Ingredient and Finished Product Testing For Extraneous Matter
By Doug Peariso
Extraneous matter can have far reaching ramifications on the value chain from costly equipment damage to consumer injuries that can damage the established equity of a brand. In my experience, companies will often dismiss needed due diligence checks under the premise that you can’t inspect quality into products, but how does one know the level of quality that the product inherently possesses until you or an unbiased third party actually examines it.
Relying on letters of guarantee and certificates of analysis is quite superficial when historical evidence of material suitability is absent. In upset situations and periods of rapid change, quality control measures must be adopted to protect the consumer and the business enterprise from tangible risk. Most industry professionals definitely comprehend this principle, but it can be difficult to prioritize when additional resources for screening raw material and finished product streams should be used.

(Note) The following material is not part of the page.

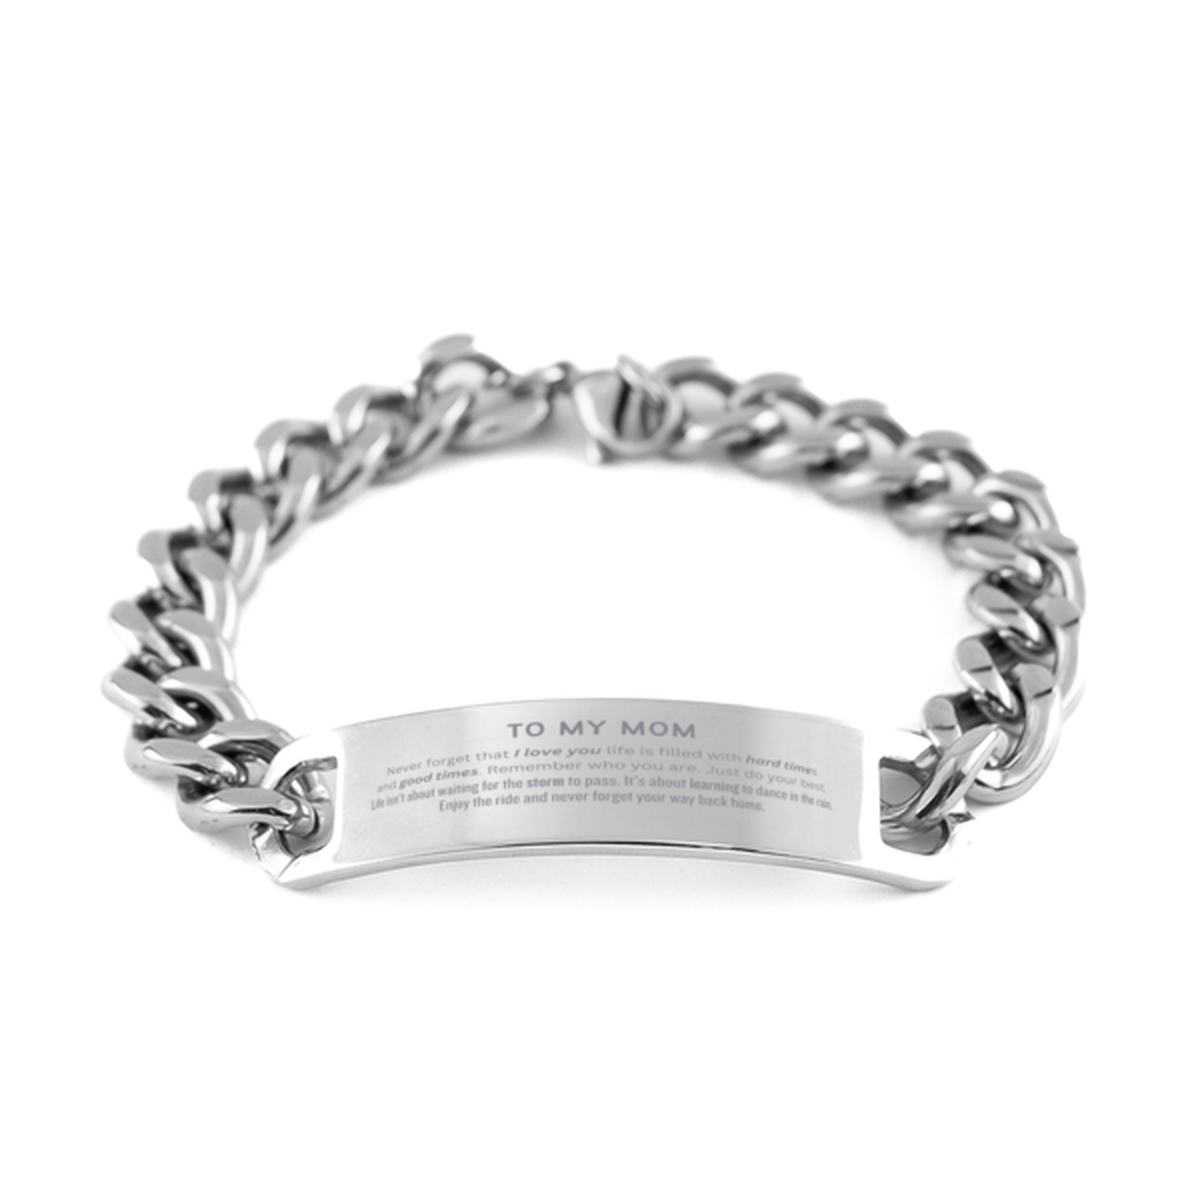 Christmas Mom Cuban Chain Stainless Steel Bracelet Gifts, To My Mom Birthday Thank You Gifts For Mom, Graduation Unique Gifts For Mom To My Mom Never forget that I love you life is filled with hard times and good times. Remember who you are. Just do your

"Trust, but verify" is a motto that can help your business when benchmarking suppliers and internal manufacturing operations in this regard. Essentially, the organization must prioritize the allocation of finite resources and analytical testing budgets based upon thoroughly performed and well-documented risk assessment. Moving forward in any other manner may prove immensely wasteful. Unfortunately, many quality professionals and classically educated business leaders are quick to denounce any inspection and testing of supplied materials because they believe that this approach is contrarian to the principles established by Dr. W. Edwards Deming. Dr. Deming’s many ground-breaking diatribes on the wasteful business practices of his time did indeed defame the mindless inspection and testing of all products while products of compromised quality were still distributed to consumers. Dr. Deming would probably be the first to admit, however, that if you do not possess data confirming the stability and suitability of a supplier’s various manufacturing processes, then blindly accepting a commodity for unrestricted use would be extremely foolish. Operating in this mode creates undue risk for the business enterprise and diminishes the level of protection afforded to the ultimate consumer. If a business has developed a stable supply history to justify not evaluating the product for contaminants, so be it; unfortunately, change is inevitable. New product introductions, various cost savings initiatives and unforeseen external influences can definitely undermine the aforementioned ideal steady state.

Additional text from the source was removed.